This past week Bracken Funk got to meet The Red Blemish, his favorite superhero. The Red Blemish fights crime from his secret headquarters in his parent's basement. The Red Blemish stopped by the Space Education Center after hearing we were having problems with young delinquents , their chewing gum and our carpets. (Word has it the Red Blemish was pulled over by Pleasant Grove's Police Department after leaving the Space Center and ticketed for duct taping over his scooter's license plate to conceal his identity).
We finished the first week of school without any major inconveniences. Let's take a moment to give Fortuna a wink and a nod in thanks for leaving the Space Center alone and focusing her mischiefs on the eastern seaboard of the United States. We are impressed - aren't we? In one week they experienced an earthquake and hurricane. No wonder its been so quiet in Pleasant Grove.

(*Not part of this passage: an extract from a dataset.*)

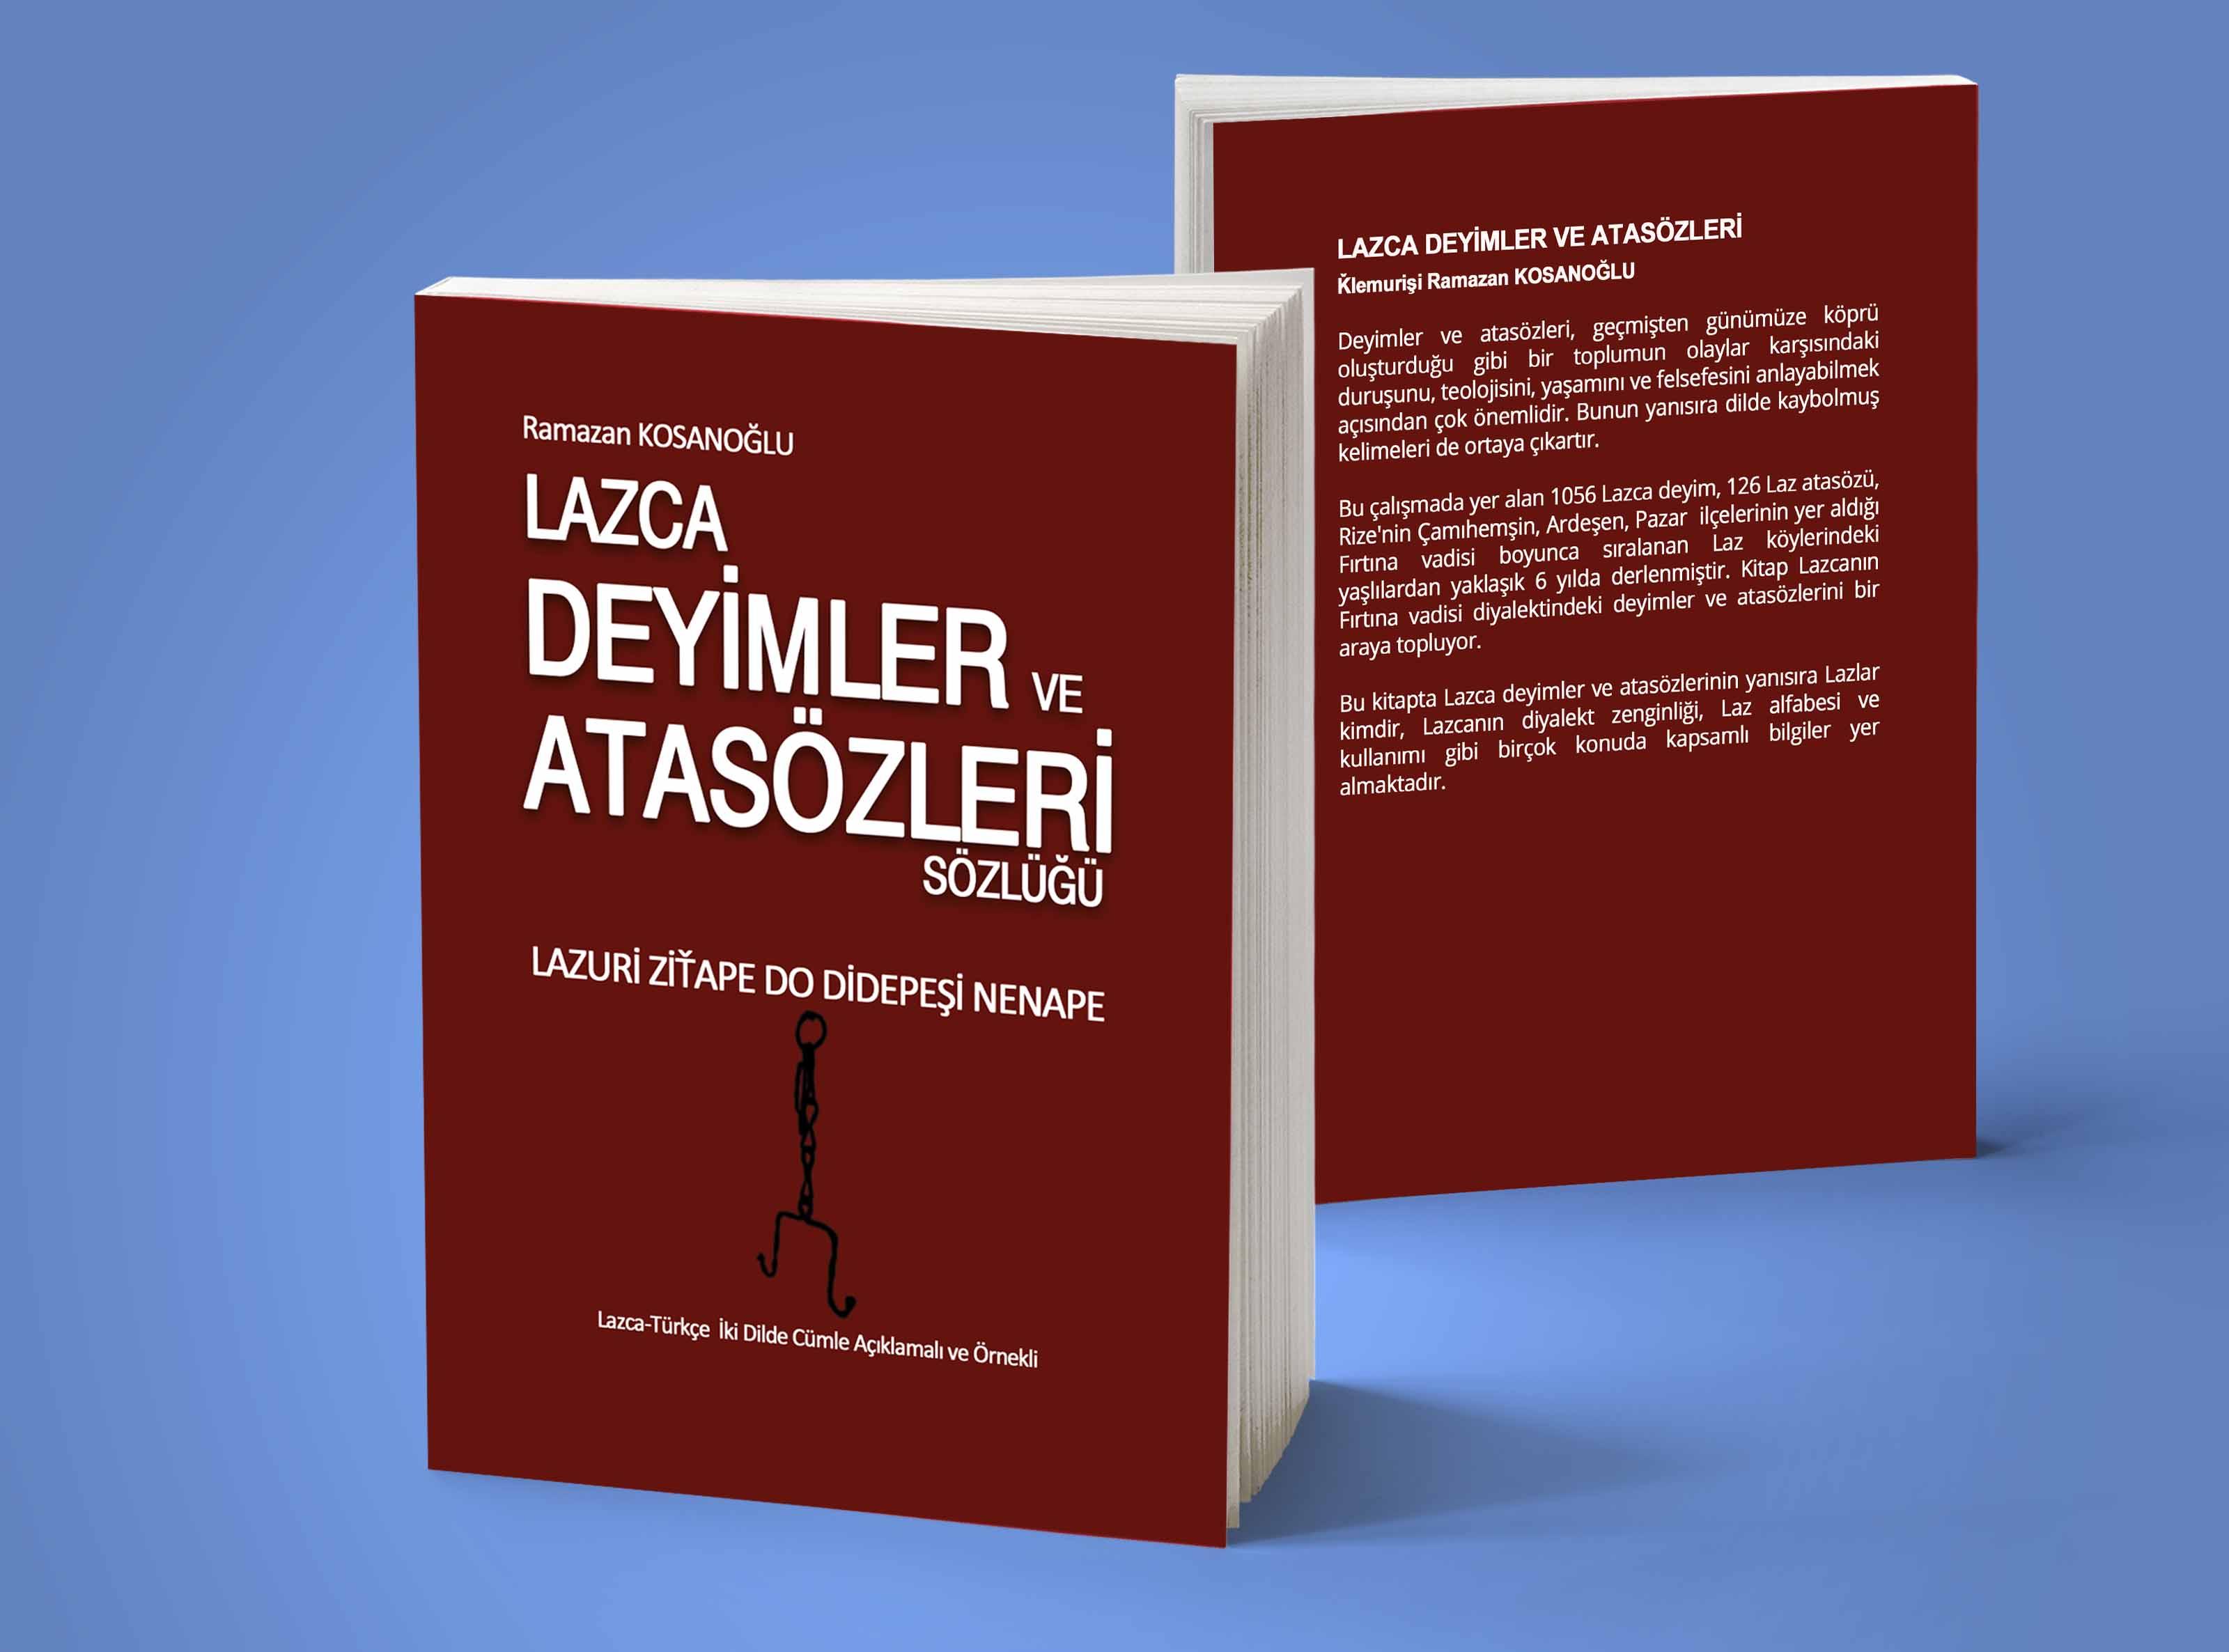 Lazca deyimler ve atasözleri sözlüğü kitap satış noktaları

I was going to post the latest Space Center pictures (news and honors) but forgot my camera at the school. Sunday is my day of leisure, laziness and slothfulness; that means I won't drive to the school to get the pictures. I realize the disappointment might be more than you can manage, but I've got my "I don't give a darn" shirt on and, well, that's about it. You'll have to wait.
Instead I've decided to take you with me on a walk through around the Imaginarium to see what we can see. Slip on your shoes and let's see how creative people can be.
Does this seem strangely familiar? You got it! The control rooms of the Voyager and Magellan.
There are more similarities than differences :)
I know the staff are thinking I'm in that crowd watching and 'managing'. Well, what you don't see in the picture above is another hole twice a deep and wide just to the left and out of the camera's view. I'm the one at the bottom of that hole laboring in a cloud of dust and dirt, setting an example for all. Yes sir, setting an example for all. Please, no applause............... Thank you.
Hello, I'm a teenager and I'm indestructible. Nothing can hurt me. I spit in the face of gravity and common sense. I laugh at reason. Rational thinking won't find a home in my devolving brain. I'm a teenager. Watch me roar............ (Stupid, Stupid and Stupid. This young man and Nature are on a collision course and it won't be pretty).
Target has a special on previously parented kids. 3 for $10 is quite a steal. Look they can read and know how to sit quietly. Better hurry - there are only three left.
For you Battlestar Fans.
True, how true.
The power of a Space Center worker's mind should be labeled dangerous. We should be required to wear stickers, warning the general population to stand back at least four feet away. Our brains, and the power of the thoughts that emanate from them, have been known to cause hallucinations and minor nose bleeding.
Wonderland Primary School had picture day yesterday. Albus Arnold doesn't care for school pictures, as evident in Room 7's class photo. After three failed attempts to garnish even the slightest smile from his weaned on a pickle appearance, his teacher had an epiphany.
"Albus, we're going to the Space Center on a field trip this year!"
Albus frown turned upside down into the best smile he's ever given a school picture. His parent's were so pleased to finally have a good picture of Albus to put on their living room's wall they volunteered to pay for the entire field trip themselves.
Etc. etc. and etc.
Have a Great Sunday and I'll see many of you this week in the trenches.